Le Syndeac, qui regroupe les entreprises du secteur culturel, demande des précisions sur ce "pacte". Le syndicat craint un "effritement" du tissu artistique construit depuis 70 ans grâce à la décentralisation. Sa présidente, Madeleine Louarn, remarque que "beaucoup d'élus d'une nouvelle génération s'intéressent peu à la culture et la voient comme un divertissement, un pansement social, ou un élément d'attractivité plus ou moins commerciale". "Ils n'hésitent plus à intervenir dans les programmations, relayant parfois les populismes les plus rances, croyant répondre aux supposées demandes du public", s'indigne-t-elle. 

Alternance politique et baisse de budget

Dans plusieurs villes, l'alternance politique a conduit des élus fraîchement arrivés aux commandes à baisser les budgets culturels, voire à retirer leur confiance aux équipes qui géraient les lieux de spectacle. A Romans, dans la Drôme, la maire Divers droite Marie-Hélène Thoraval, élue en mars 2014 après 37 ans de règne socialiste, a supprimé 40% des aides aux MJC et maisons de quartier.
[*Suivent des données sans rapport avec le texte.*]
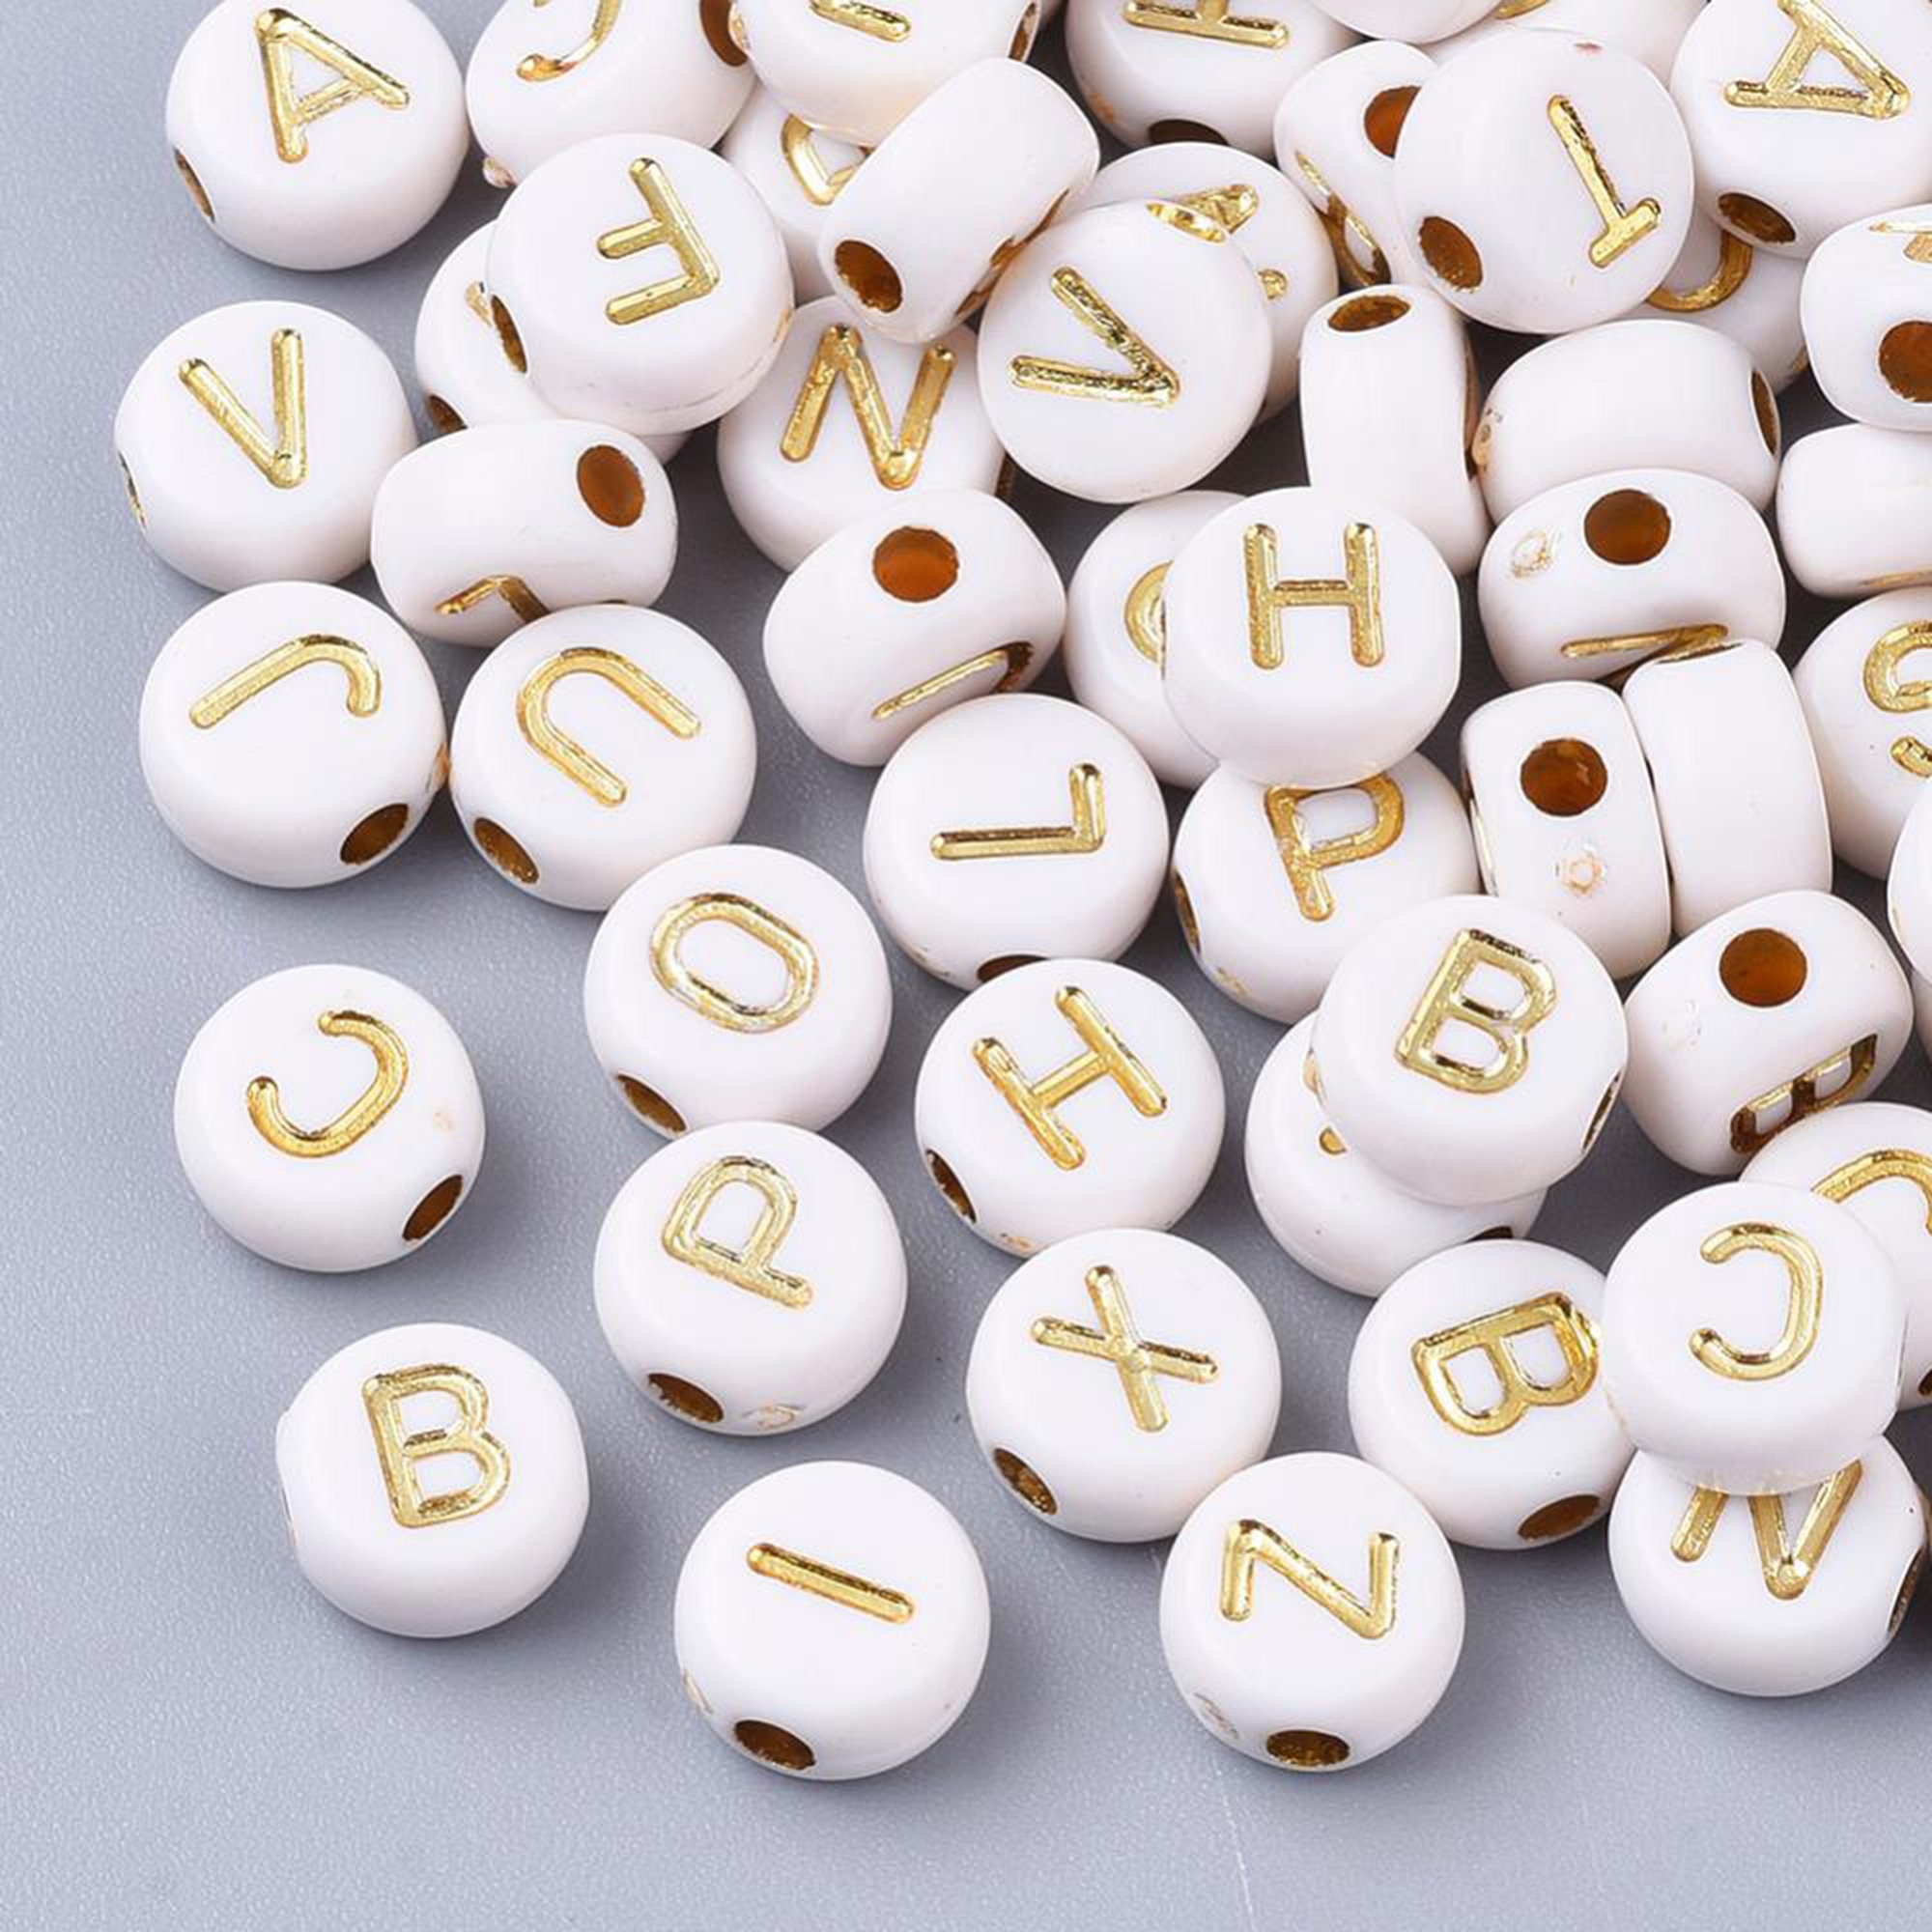 100pcs 6mm Acrylic Spacer Beads Letter Beads Square Alphabet Beads for  Jewelry Making DIY ABC Beads Alphabet Beads Letter Cube Beads Small 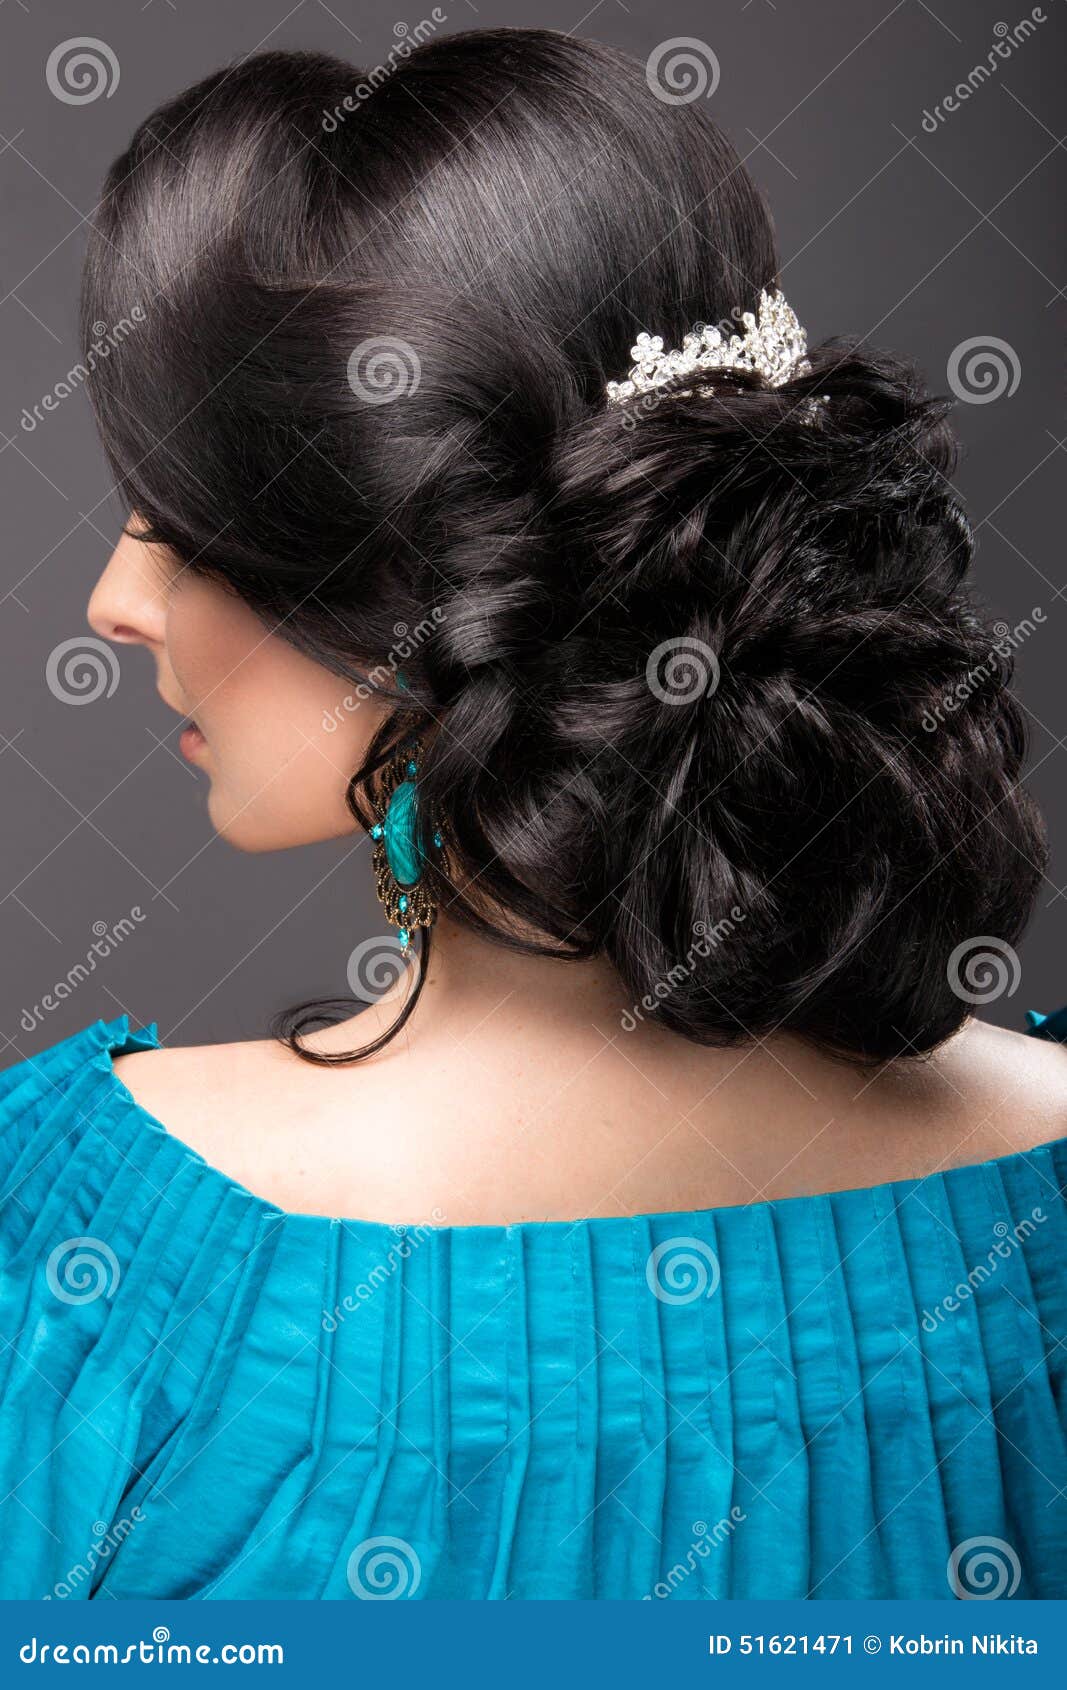 How to Choose the Best Hairstyle for Your Dress Type - Zola Expert Wedding  Advice

Au Blanc-Mesnil, le nouveau maire UMP Thierry Meignen qui a ravi ce bastion communiste, a supprimé la subvention de la ville au théâtre le Forum, dont la programmation était jugée "trop  Avignon" et "élitiste". La salle a perdu son conventionnement avec l'Etat, lié au financement croisé avec la ville, et va devenir une salle municipale.

Mobilisation parisienne des professionnels du spectacle
Entre 150 et 200 professionnels du spectacle ont défilé vendredi jusqu'au ministère de la Culture, à Paris, pour défendre une politique culturelle "ambitieuse", alors que les conclusions de la concertation sur le régime des intermittents sont attendues courant janvier. Beaucoup moins nombreux que lors de la manifestation parisienne du 1er octobre, les manifestants, répondant à l'appel de la CGT Spectacle, ont défilé pour obtenir des éclaircissements sur le contenu du futur projet de loi sur la culture attendu pour le premier trimestre 2015, sur les conclusions de la concertation sur les intermittents menée depuis l'été et sur les moyens alloués à la culture. "Toute la politique culturelle est actuellement très malmenée", a déclaré à l'AFP Denys Fouqueray, représentant de la CGT Spectacle, en citant les baisses de subventions allouées des collectivités territoriales pour la culture en régions.
La future loi sur la création culturelle doit être l'occasion, estime-t-il, de "redonner des moyens aux scènes conventionnées, tous ces endroits où l'Etat confie des missions et finance". Concernant la concertation sur les intermittents, la CGT Spectacle se félicite qu'elle ait permis de montrer que "les propositions que nous faisons ne sont pas irréalistes" financièrement.

Attendues pour la fin de l'année, les conclusions de la mission chargée de remettre à plat le régime des intermittents ne devraient être rendues qu'en janvier, indique-t-on à Matignon, qui précise qu'aucun "arbitrage" n'a été rendu à ce stade sur ce sujet épineux, pris en main par Manuel Valls avant l'été face à la fronde des professionnels du spectacle.